The central point is that the proposal would eliminate consumer choice and make it difficult or impossible for many low- or middle-income investors to receive professional financial help. The proposal revives many of the provisions of the DOL’s 2016 Fiduciary Rule, which resulted in a NAIFA lawsuit and was vacated by a federal appeals court. It fails to recognize that some consumers’ best interests are served by paying commissions to their financial professionals. The current regulatory scheme supports multiple models, including commission-based and fee-only services.
The proposal “will require many NAIFA members to modify their fee and compensation arrangements and move from commissions to flat fee arrangements” and “will limit access to professional financial services for low- or middle-income clients,” according to NAIFA’s comments.
Worst of all, the DOL proposal is completely unnecessary. The SEC’s Regulation Best Interest, which applies throughout the United States, and the National Association of Insurance Commissioners’ model regulation for annuity transactions, which has been adopted by 41 states and counting, provide robust consumer protections without harming consumer choice or the ability of low- and middle-income investors to receive assistance. They require financial professionals to work in clients’ best interests. The DOL proposal would complicate the regulatory landscape and create unnecessary confusion.
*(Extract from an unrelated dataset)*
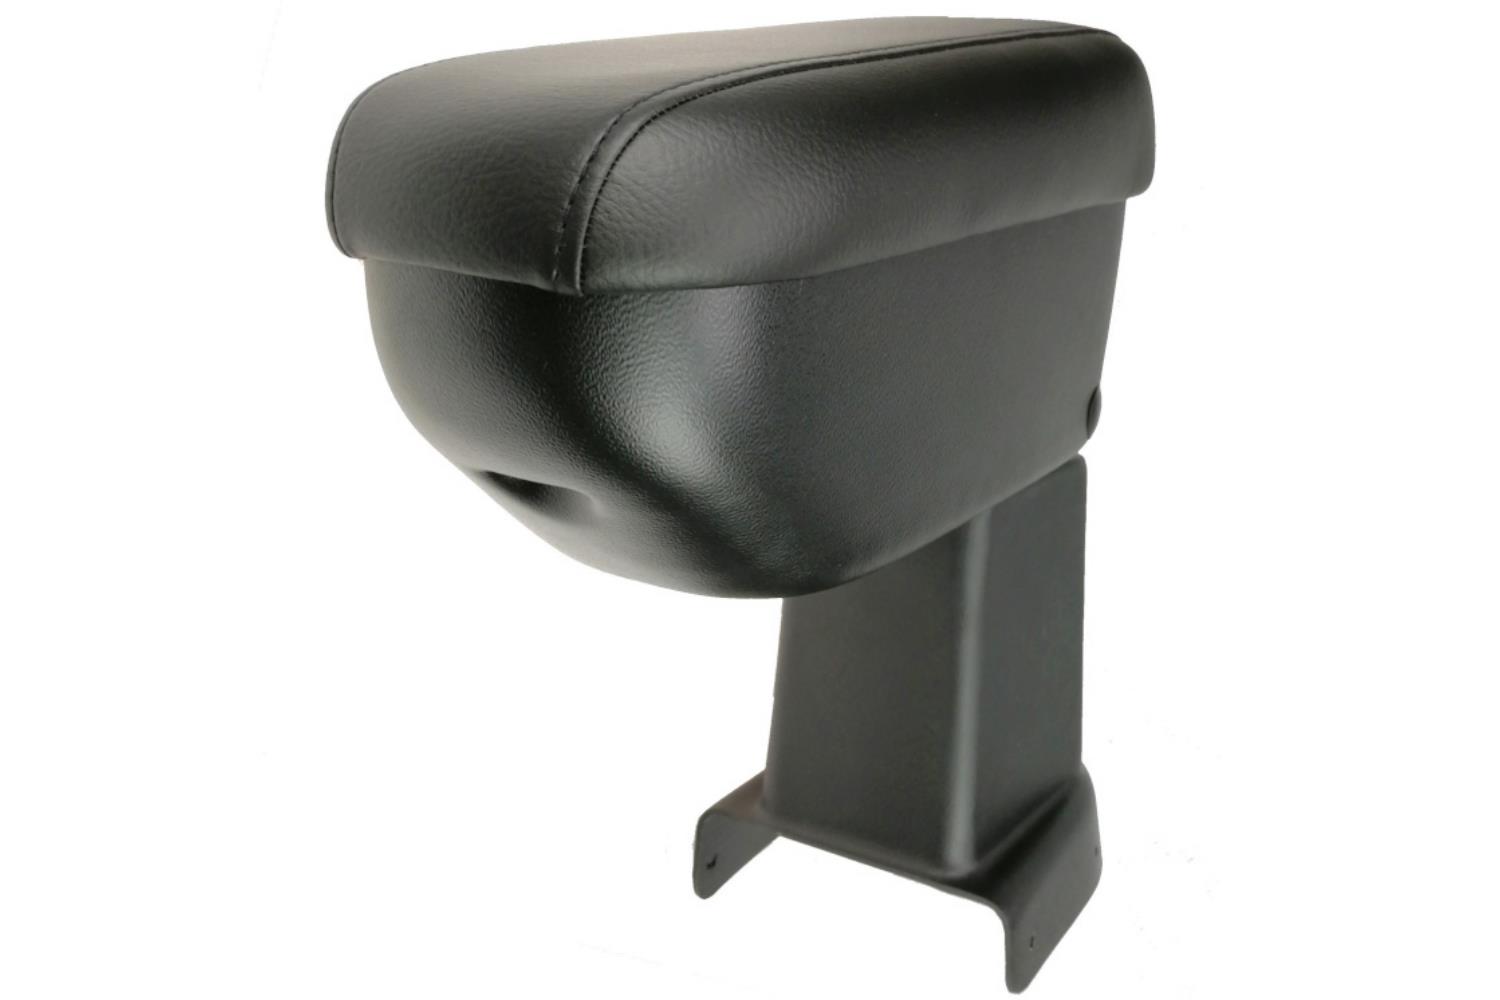 https://www.carparts-expert.com/images/stories/virtuemart/product/kia6piar-kia-picanto-ja-2017-5-door-hatchback-armrest-basic-1.jpg

NAIFA’s comments suggest that the DOL take a more constructive approach to addressing Americans’ retirement planning needs: “Instead of pursuing this rulemaking effort, NAIFA urges the Department to focus its resources and efforts on providing clear and appropriate opportunities for the Department to help America’s workers and retirees build their retirement nest eggs and enjoy a financially secure retirement. Implementing the critically important retirement security provisions enacted by Congress in recent years through the SECURE Act and the SECURE 2.0 Act is key to that goal. The Proposed Rule threatens low- and middle-income workers' ability to utilize the SECURE Act and SECURE 2.0 Act’s provisions due to being forced out of the market for professional financial services.”
NAIFA will continue to engage with DOL during the regulatory process. The proposed rule is also a focus of NAIFA’s advocacy with members of Congress. NAIFA members have helped educate lawmakers on the proposal via emails and face-to-face meetings. The DOL rule will be a focus of NAIFA’s Congressional Conference, May 20-21, when more than 500 financial professionals will be on Capitol Hill for meetings with their Representatives and Senators.
As we did with DOL 2016 Fiduciary Rule, NAIFA is prepared to engage with all three branches of government to oppose this harmful proposal and strongly urges DOL to withdraw it.